WHAT PLAN?

Controversy dogs ODM’s plan to remove Malala

Coast leaders say they won't seize seat from Malala who is Senate deputy Minority leader

In Summary

• Sifuna told the Star the Senate Minority wing has lost confidence in Malala and has resolved to remove him. Was it revenue sharing or 'integrity issues'?

• On Wednesday, Malala appeared to blame Sifuna for the push to remove him from the House leadership.

Kakamega Senator Cleophas Malala, ODM secretary general Edwin Sifuna, Saboti MP Caleb Amisi and nominated MP Godfrey Osotsi during a press briefing on October 10, 2019.
REMOVAL: Kakamega Senator Cleophas Malala, ODM secretary general Edwin Sifuna, Saboti MP Caleb Amisi and nominated MP Godfrey Osotsi during a press briefing on October 10, 2019.
Image: DOUGLAS OKIDDY

Controversy and confusion have marred ODM’s apparent plan to remove Kakamega Senator Cleophas Malala of ANC as the Senate deputy Minority leader.

While ODM secretary general Edwin Sifuna has insisted there are plans to replace the vocal senator with one from the Coast, leaders from that region have denied any plans to seize the seat from Malala.

At the same time, the Raila Odinga-led party’s national chairman John Mbadi has denied being aware of any plans to remove Malala from the plum post.

“I have no idea. We have not discussed it, I am not aware,” Mbadi said of removing Malala.

Senate Minority Chief Whip Mutula Kilonzo Jr said, “I am not aware of a Parliamentary Group meeting that has been called. I have not heard any senators declaring intention. So in I'm not aware."

Sifuna told the Star the Senate Minority wing has lost confidence in Malala and has resolved to remove him.

Sifuna said ODM, the largest party in the moribund Nasa coalition, has resolved to give the seat to the Coast.

“We met with Coast senators and we agreed we give them that seat. They will tell us whom they want to take it,” Sifuna said.

He said Malala can no longer be trusted to represent the interests of the minority party in the Senate. 

“To lead people, they must have confidence in you,” Malala told the Star on the phone.

Coast senators dismissed Sifuna’s assertions, however, saying their recent meeting with the ODM leader at his Capitol Hill office did not covers Malala’s removal.

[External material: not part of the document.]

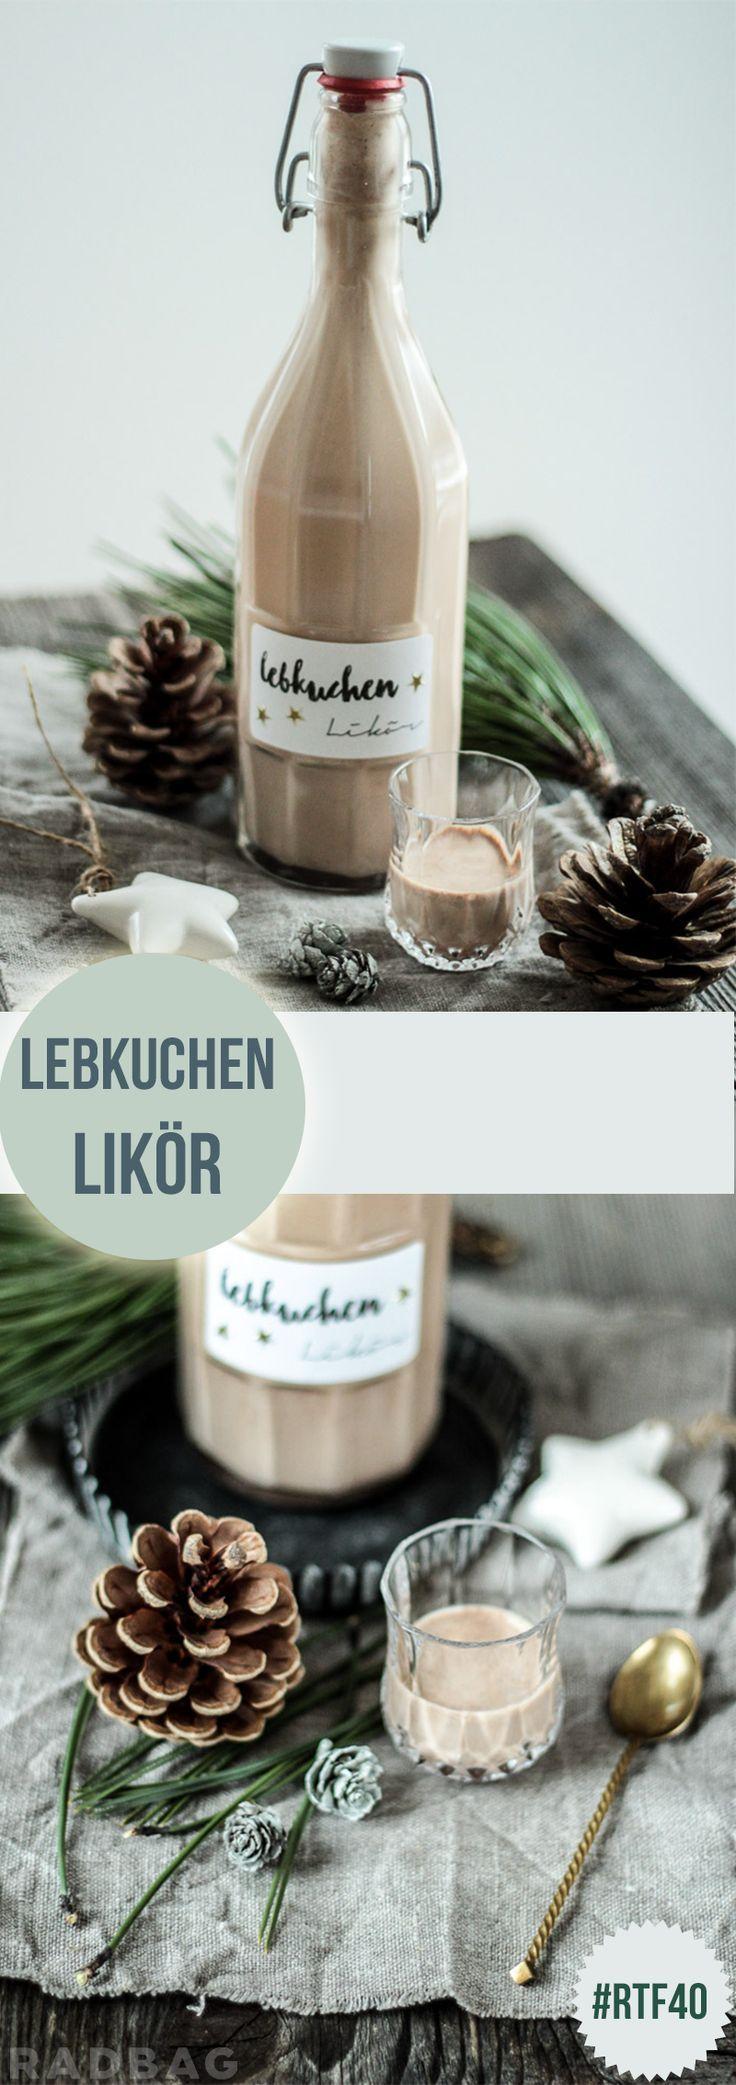 Liqueur of gingerbread. #weihnachtsgeschenke #likör #lebkuchen

“We have never discussed such a thing. I have never come up in any of our meetings with the party,” Taita Taveta Senator Johannes Mwaruma said.

The senator reiterated that as Coast leaders, they will seize the seat from Malala if the grounds for his purported removal is his stand on the controversial revenue sharing formula.

“That will be a betrayal of the highest order. We are the people who went to Malala to help us on the formula. How can we turn against him now? That is not possible,” Mwaruma said.

Mombasa Senator Mohammed Faki, who was part of the team that visited Raila at his Capitol Hill office last week, said, “I am not aware of such a plan.”

Malalah, a vocal ANC senator who once was a darling of ODM, recently had run-ins with the party over his stand on the controversial revenue sharing formula.

Malala was a member of ‘Team Kenya’ – the group vehemently opposing the controversial formula cutting Sh17 billion allocation to 18 counties.

Raila criticised him for opposing the formula despite his Kakamega county ‘gaining’ in millions of shillings in the proposed method.

At one time, Raila blasted him for what he termed questionable integrity and allegedly stage-managing his dramatic arrest by DCI officers at his Kitengela home.

Malala denied the claims and publicly wept during a Senate committee meeting with county security chiefs over Raila’s remarks that he stage-managed his own arrest.

On Thursday Malala appeared to blame Sifuna for the push to remove him .

“It is very bad for young leaders to fight each other. We are setting a very bad precedence. Sifuna is my brother so I don’t know why he has committed to fighting me. He is my brother and do not expect such from him,” he said.

“Raila is still my coalition leader. I still support the handshake and I don’t see any cause for alarm. If there are any changes that are supposed to be done in the Senate, they are supposed to be sanctioned by senators not outsiders,” he said.

However, Sifuna said the planned removal of the former MCA has nothing to do with his stand on revenue sharing but with integrity issues.

“There are people like Mutula Kilonzo, they were on the same team with Malala, but he conducted himself with integrity. You have not heard anybody saying we are going to remove Mutula as minority chief whip,” he said.

Sifuna added, “So the question that 'Ooh, somebody opposed the formula' is not there. It is a matter of confidence. For the specific reasons, you ask the members of the Minority leader in the Senate.”